Task requirements: Everything in the listing below except the pictures should be reproduced exactly.

Supplied material:

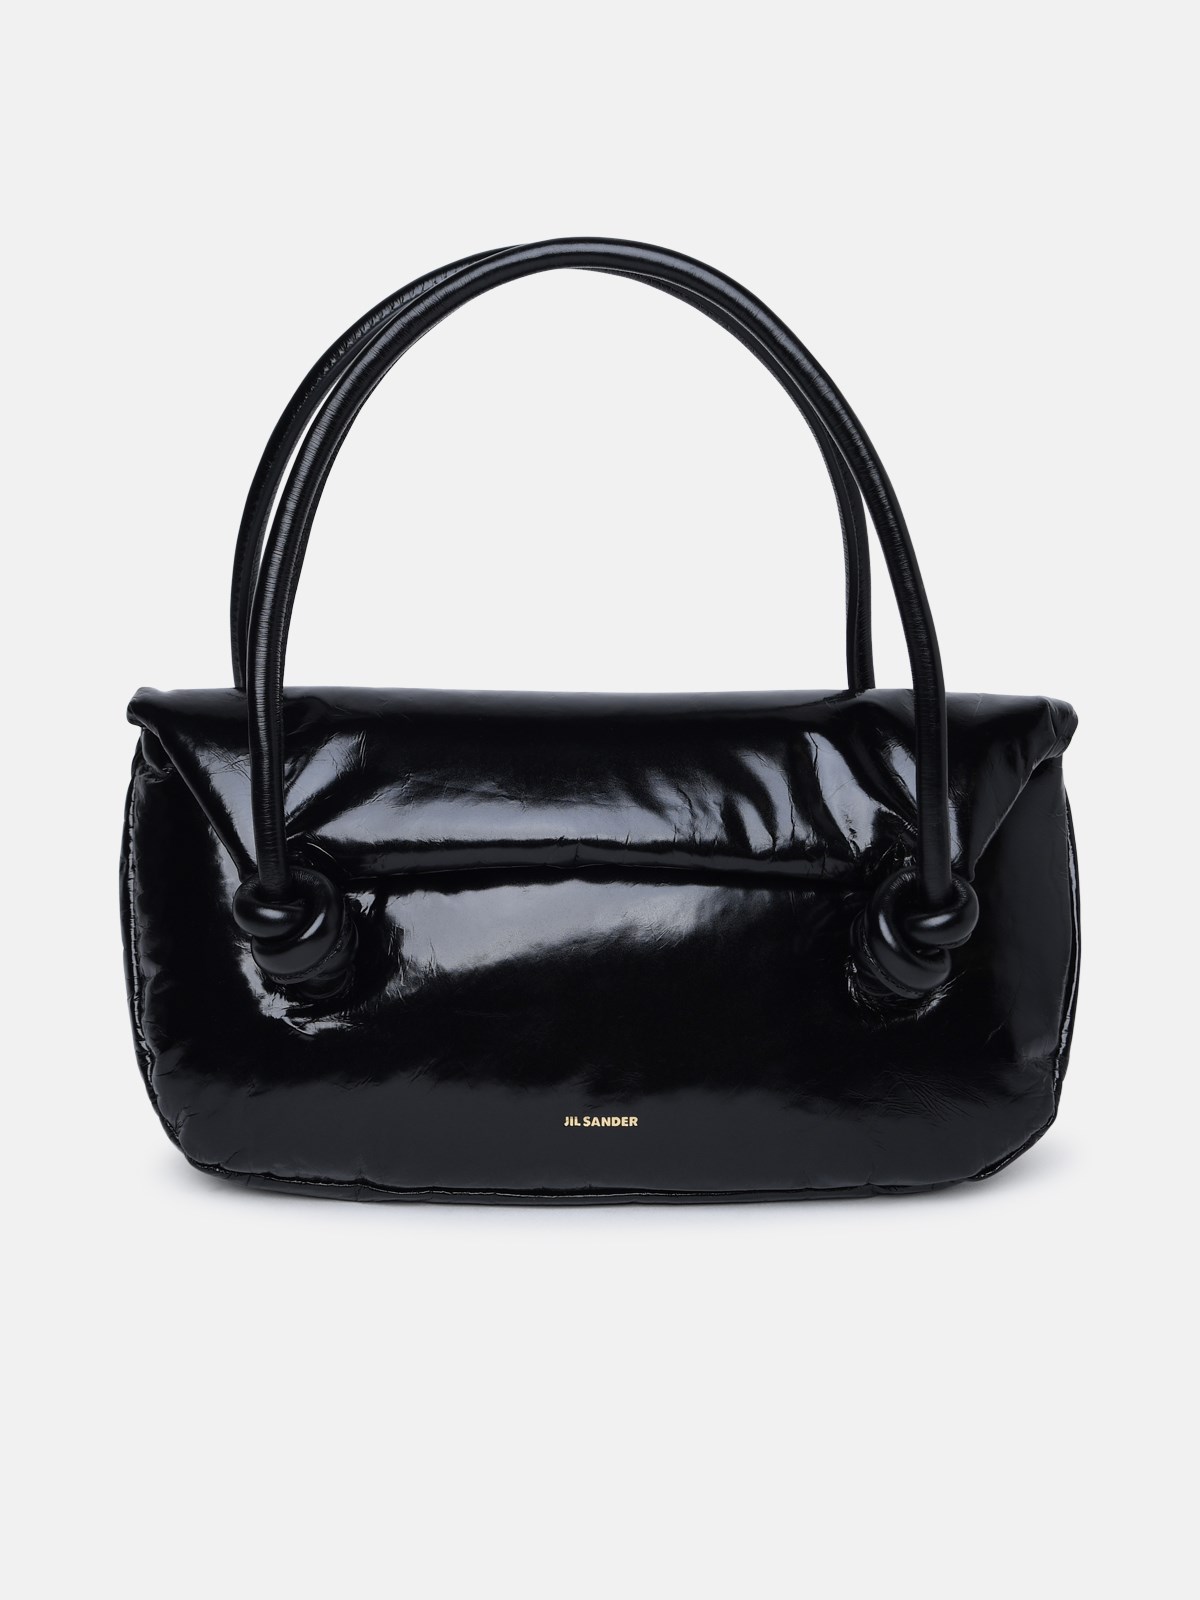 Jil Sander Black Leather Bag
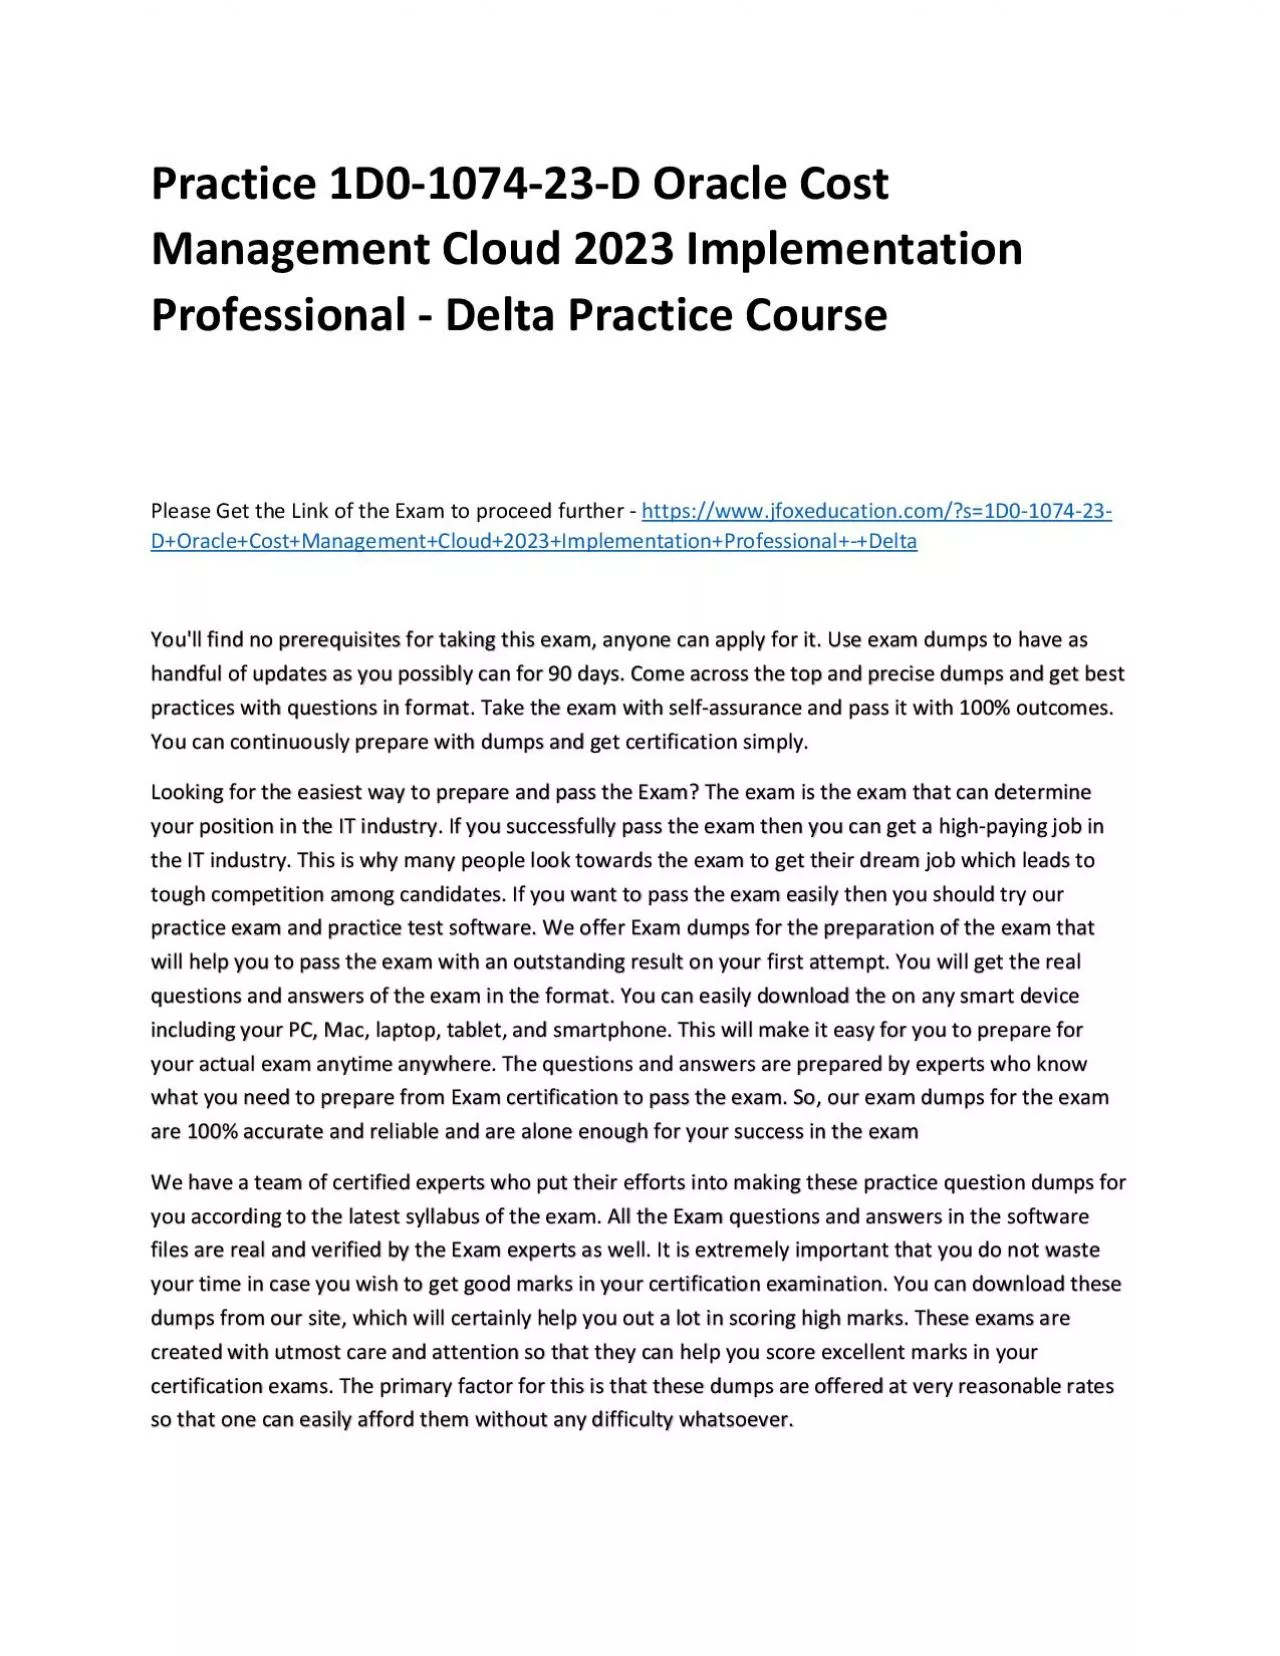 Practice 1D0-1074-23-D Oracle Cost Management Cloud 2023 Implementation Professional -
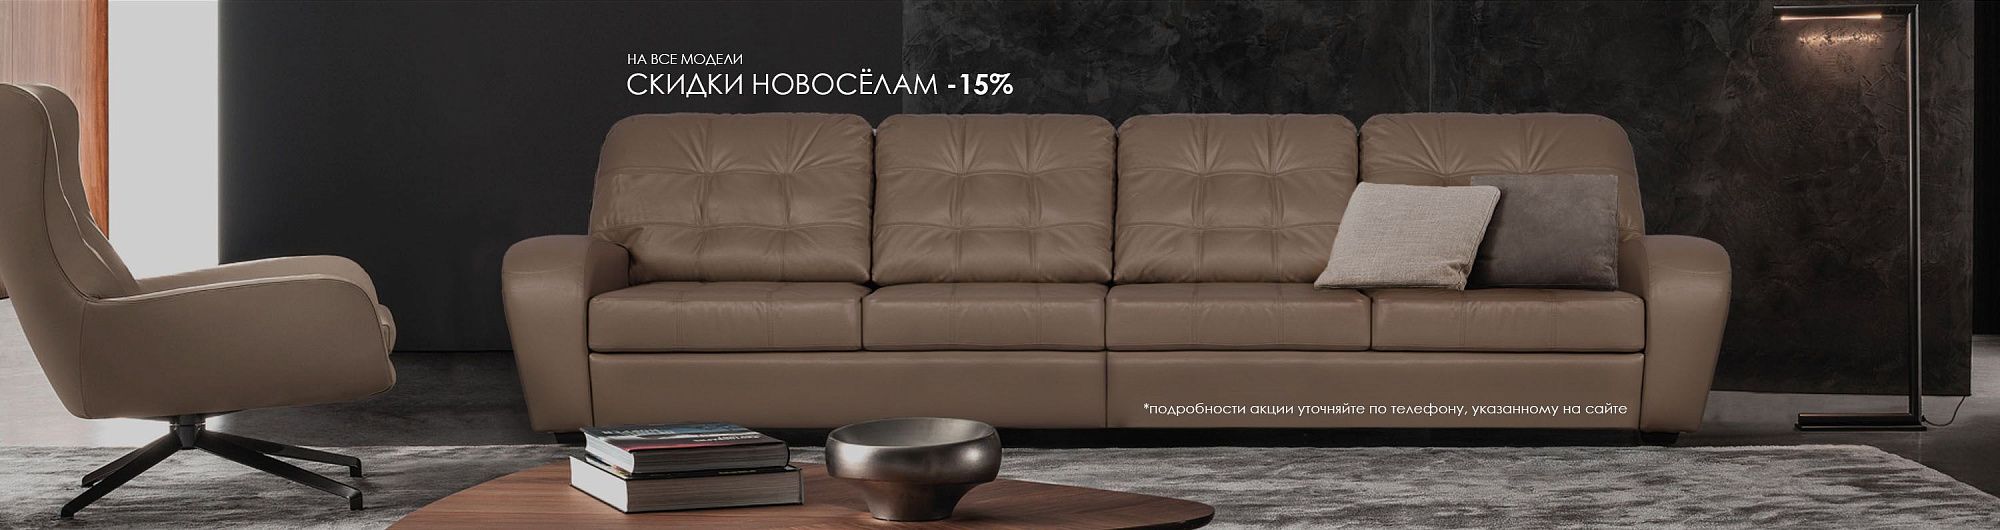 Интернет-магазин мягкой мебели в Москве Home Collection: купить диваны и  другую мебель по цене от производителя
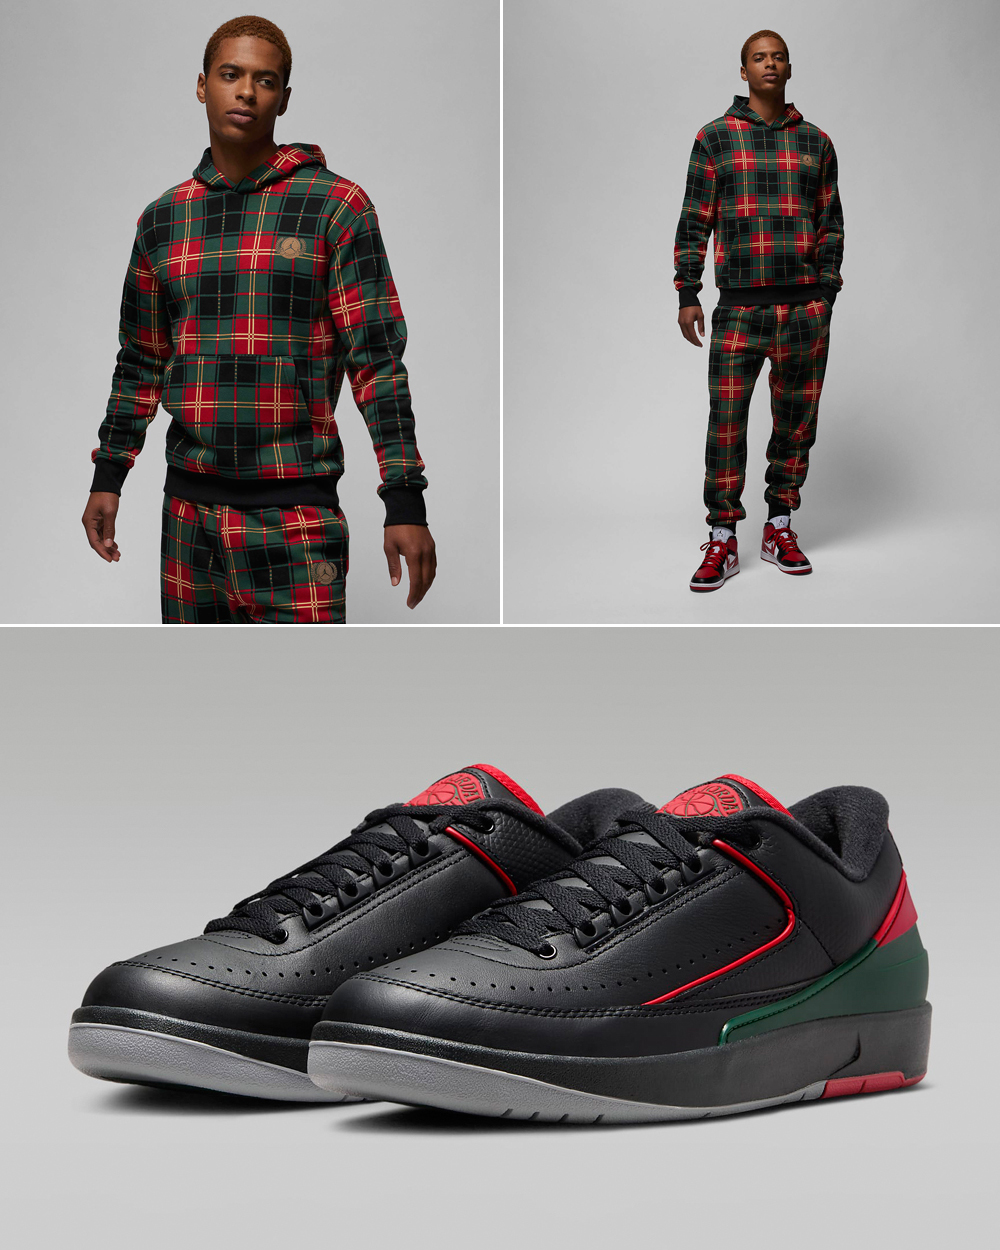 Air-Jordan-2-Low-Christmas-Outfit-1
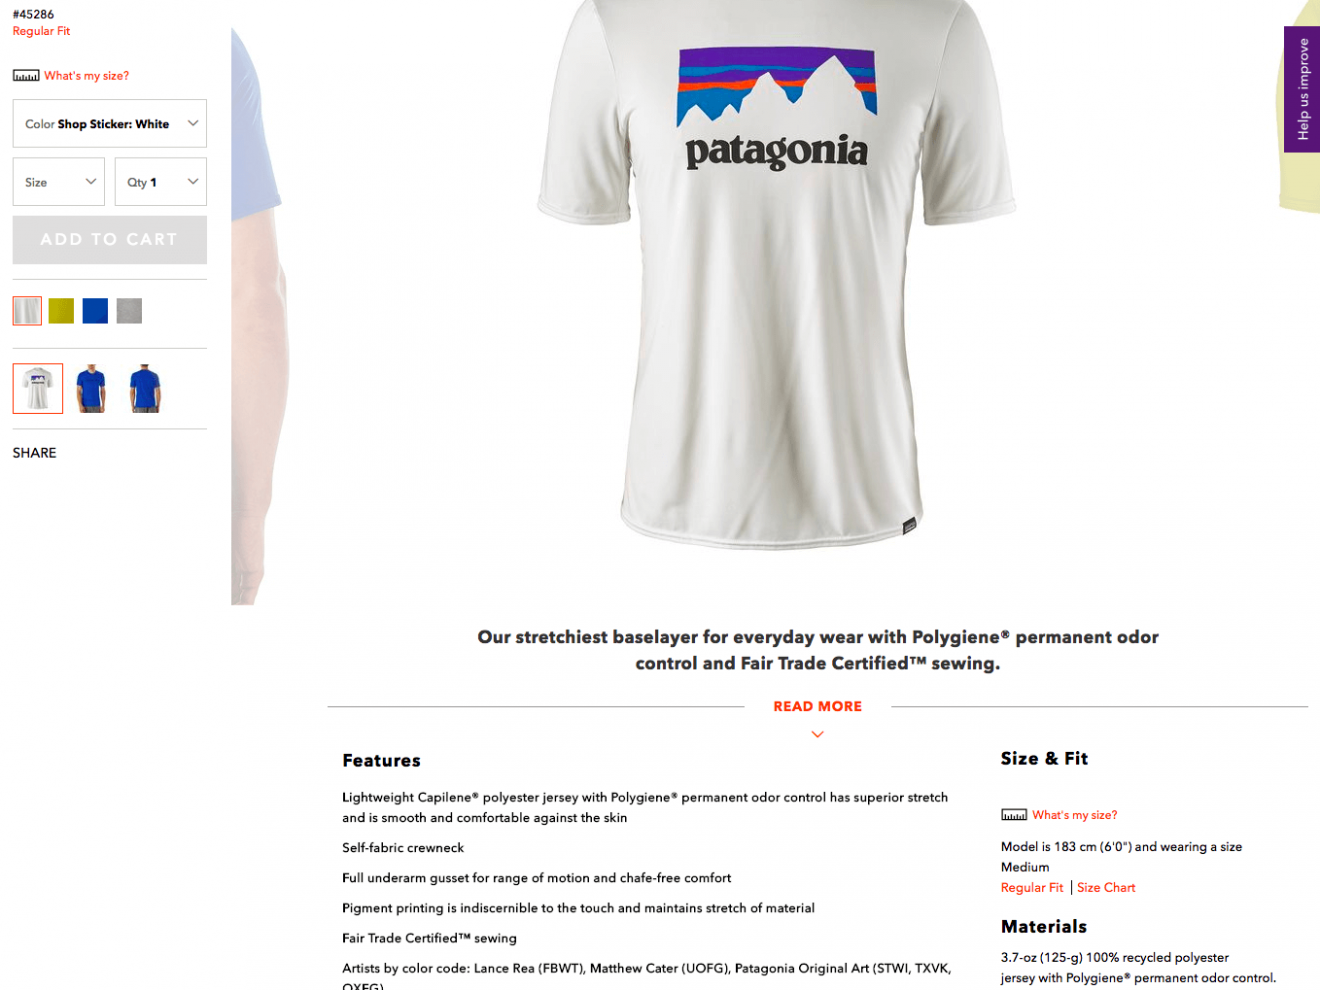 Patagonia T-Shirt customisation

Expected answer:
 Jil Sander Black Leather Bag
 Practice 1D0-1074-23-D Oracle Cost Management Cloud 2023 Implementation Professional -
 Интернет-магазин мягкой мебели в Москве Home Collection: купить диваны и  другую мебель по цене от производителя
 Air-Jordan-2-Low-Christmas-Outfit-1
 Patagonia T-Shirt customisation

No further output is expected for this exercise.